There - fixed it for you.
I have to say, ChCh takes the art form of Amber gambling to whole new level.
Umm ... and for AUckland, red light.
But to run the red light, you've already ignored the yellow...
Bung: Road User Rules 3.2(4)
While a steady yellow signal in the form of a disc is displayed,—
(a)
a driver facing the signal must not enter the controlled area while the signal is displayed unless the driver’s vehicle is, when the signal first appears, so close to the controlled area that it cannot safely be stopped before entering the area:
It's can you stop when it first appears not is it still yellow when you get there. You may be forced to keep going because the car tailgating you is not stopping.

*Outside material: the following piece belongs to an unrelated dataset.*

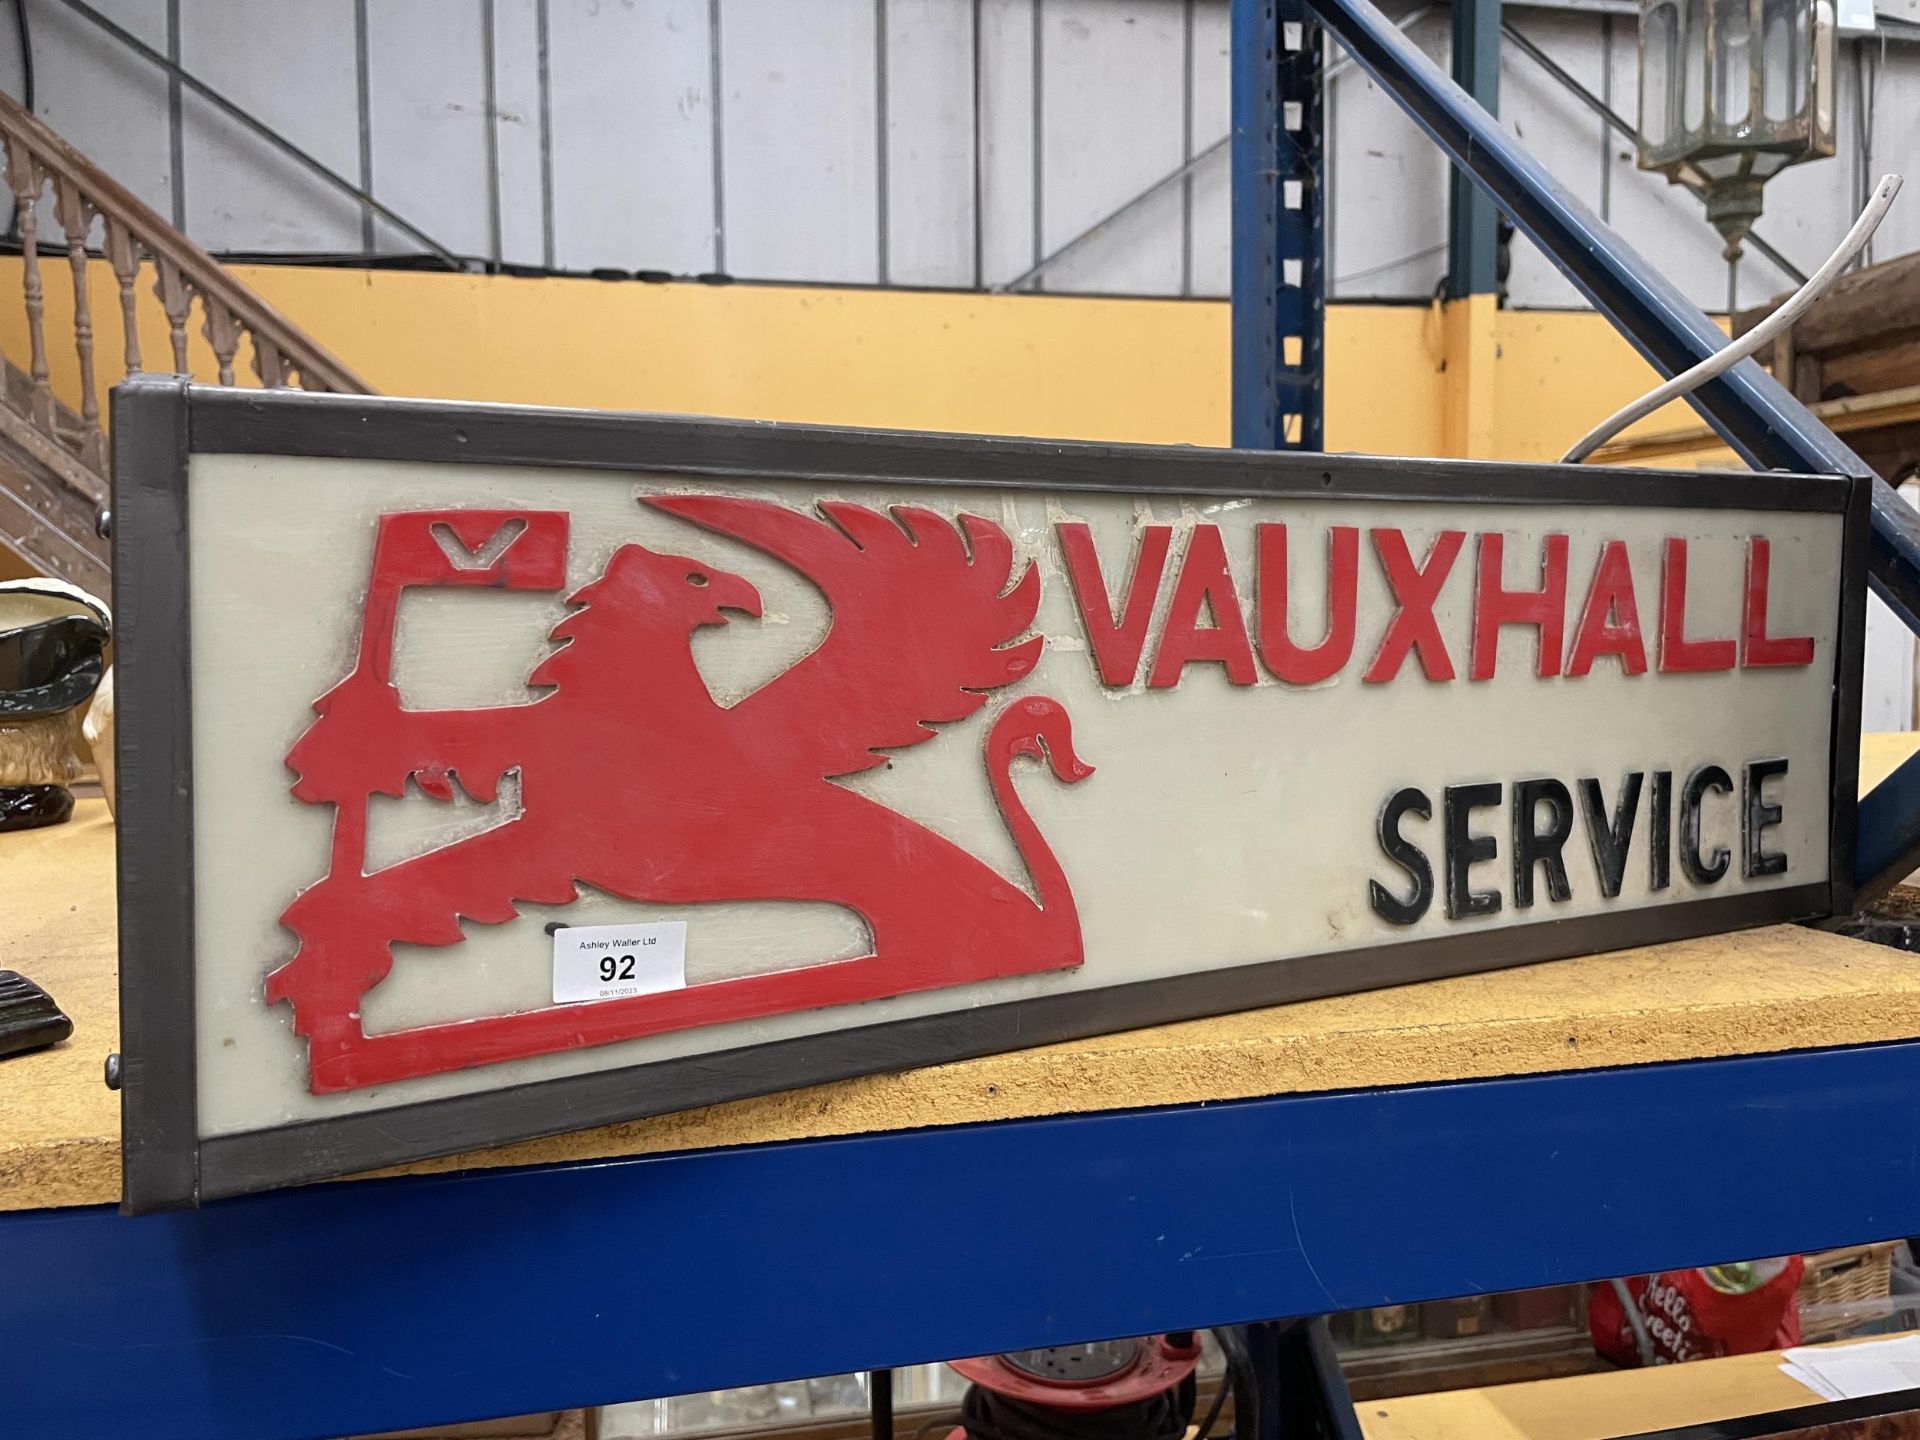 A VAUXHALL SERVICE ILLUMINATED BOX SIGN

There are two sets of road signs painted on the road before traffic lights. By rule of thumb is that if i am outside both sets of signs i can stop on amber so do. If I am inside then I am a hazard trying to stop that fast, either because am being tail gated or have something in the car that might be adversely affected by what is almost na emergency brake if you are that close.
I've trained my wife out of stopping on amber inside the two signs when I am in the car as 1 - it hurts like hell with my disability and 2 - she hasn't time to check for dipsticks tailgating her and stop in that short a space. We both now find the double sign before lights indicator is a good one.